*** COLLECTED MATERIAL

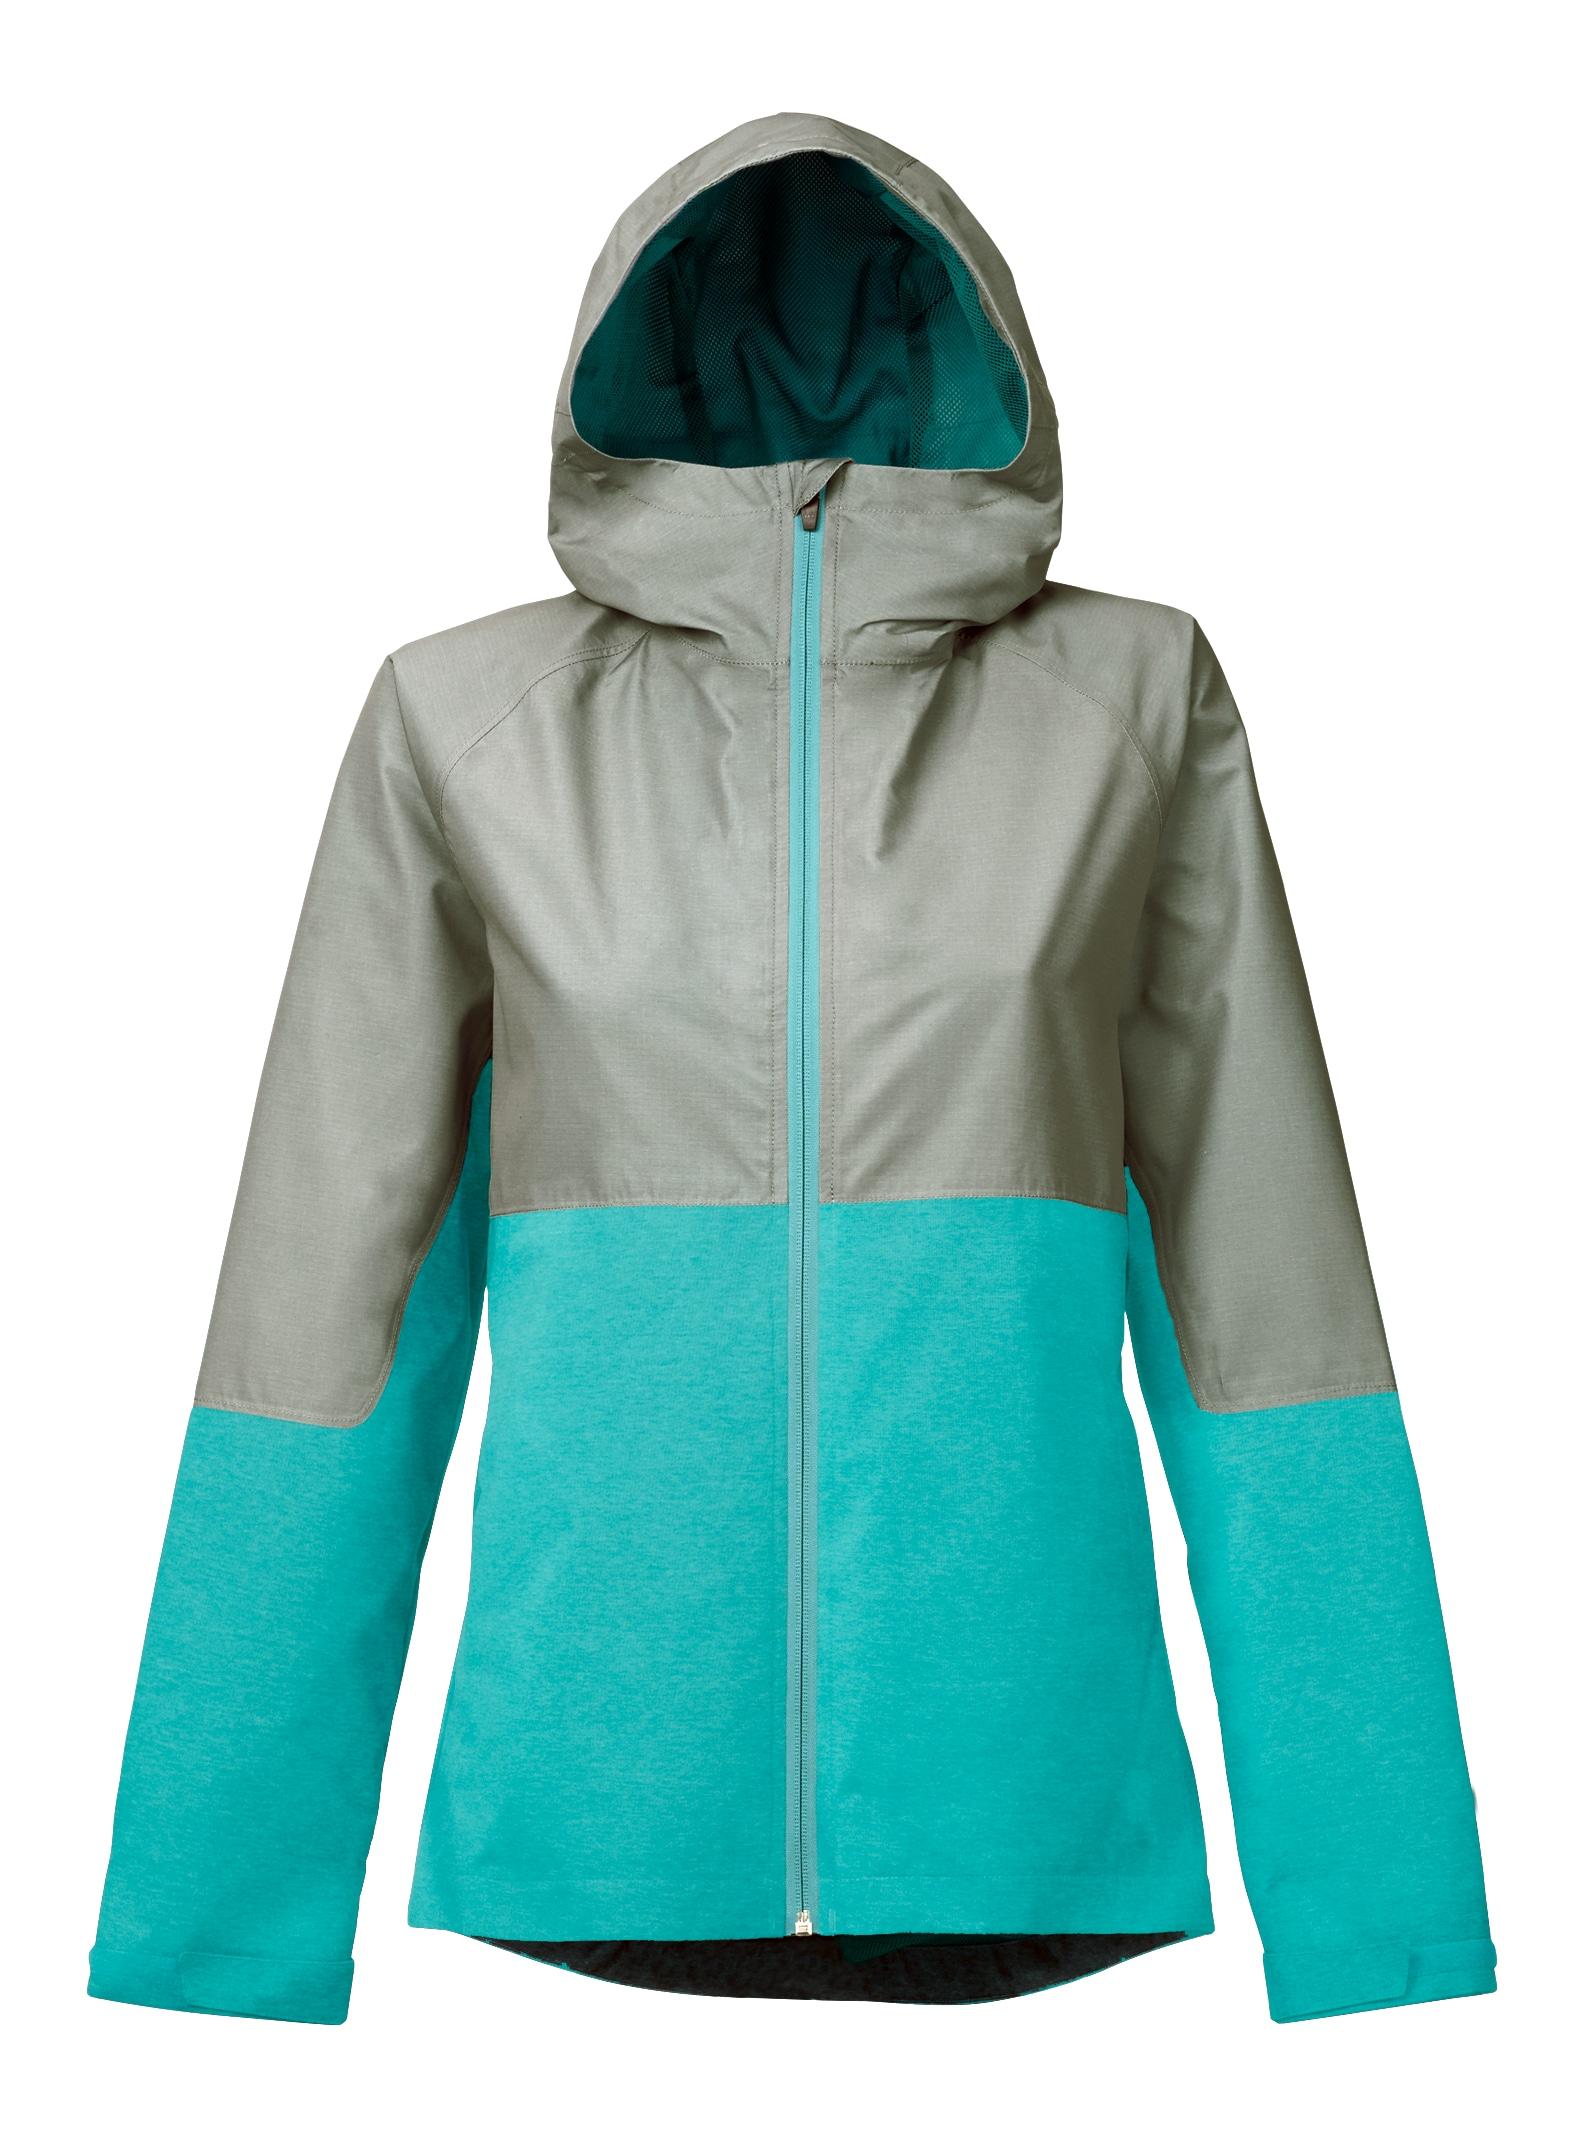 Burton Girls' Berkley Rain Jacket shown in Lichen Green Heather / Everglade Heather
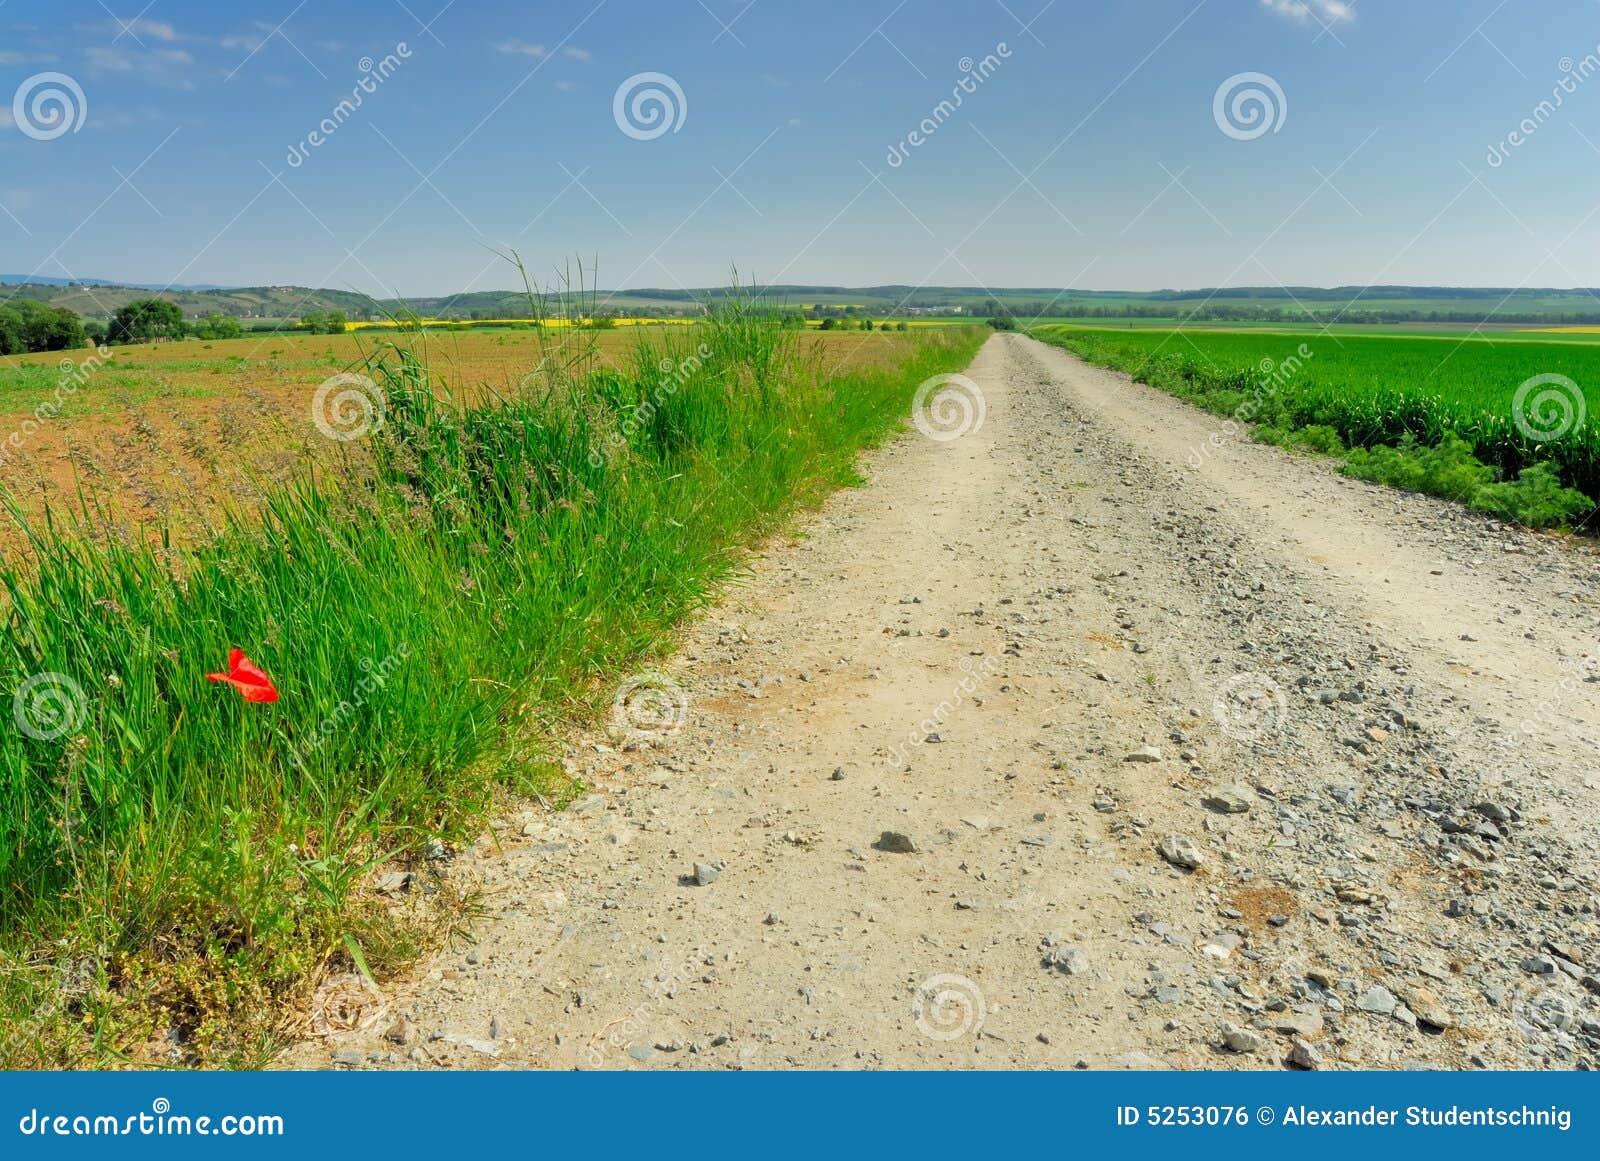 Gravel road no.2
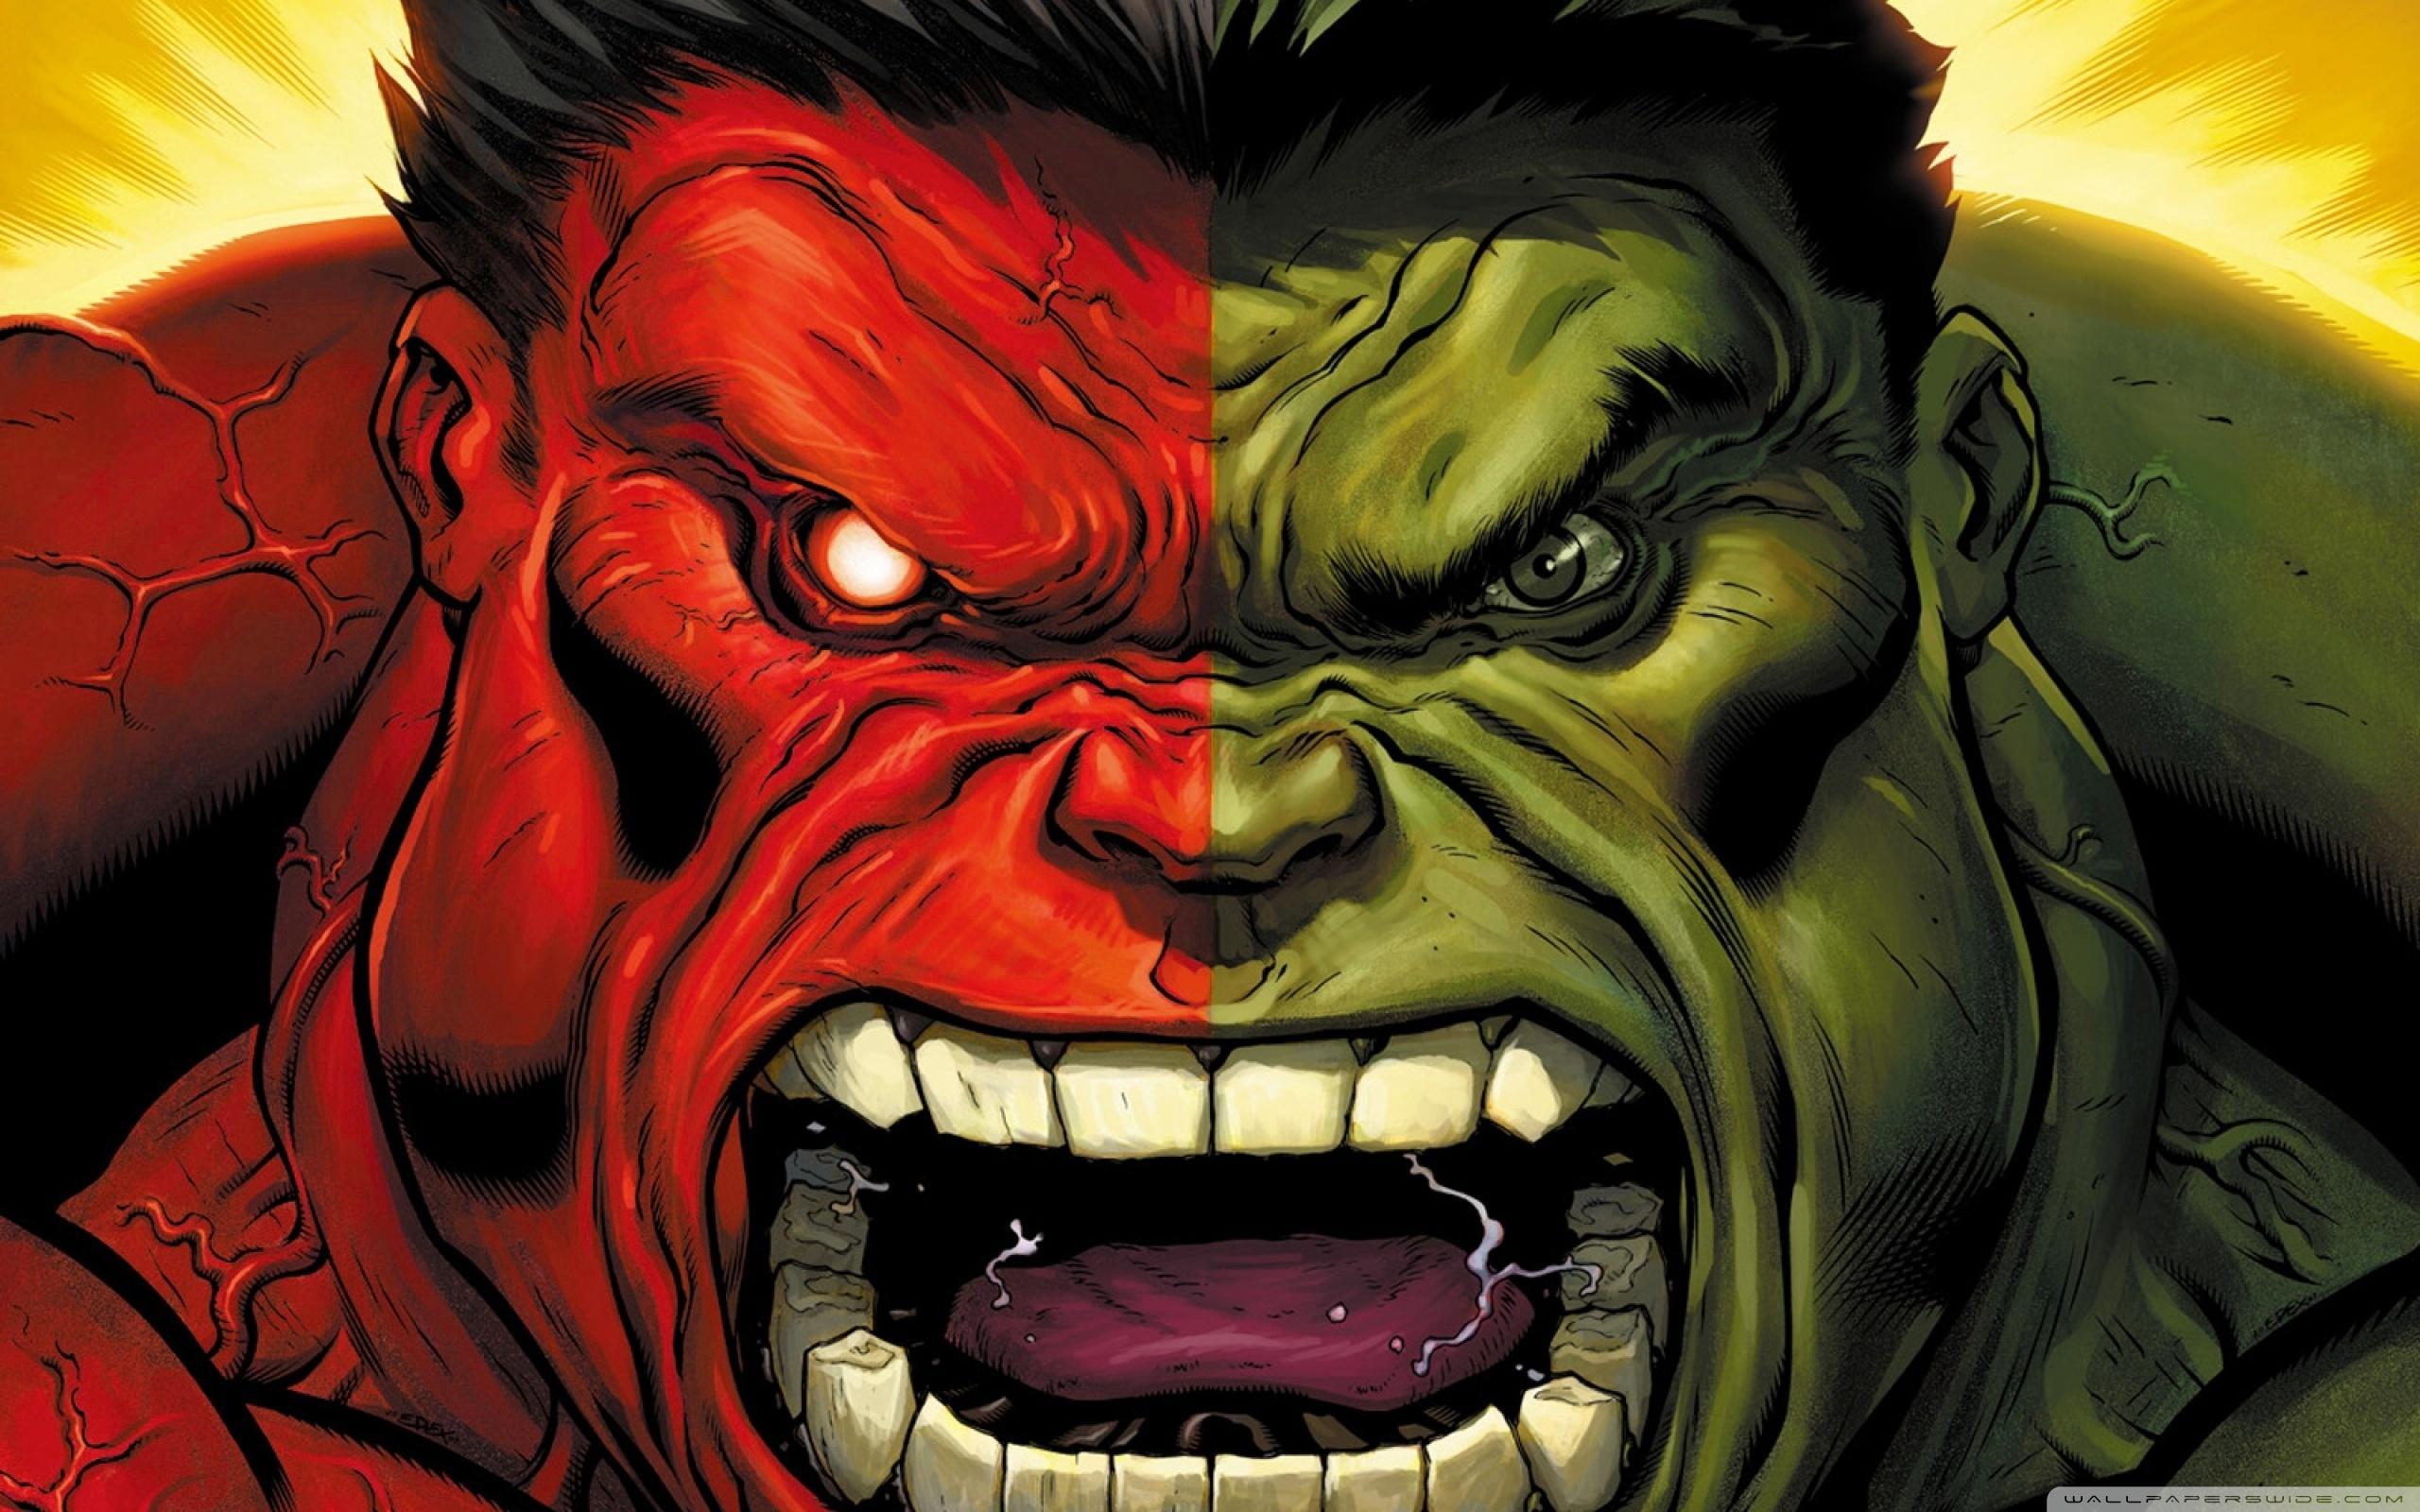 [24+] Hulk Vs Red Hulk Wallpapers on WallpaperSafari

******

With the pictures left out, output exactly the lines from the one with "Gravel road no.2" through the end of the listing above, both ends included.

* **EXERCISE RESPONSE**
 Gravel road no.2
 [24+] Hulk Vs Red Hulk Wallpapers on WallpaperSafari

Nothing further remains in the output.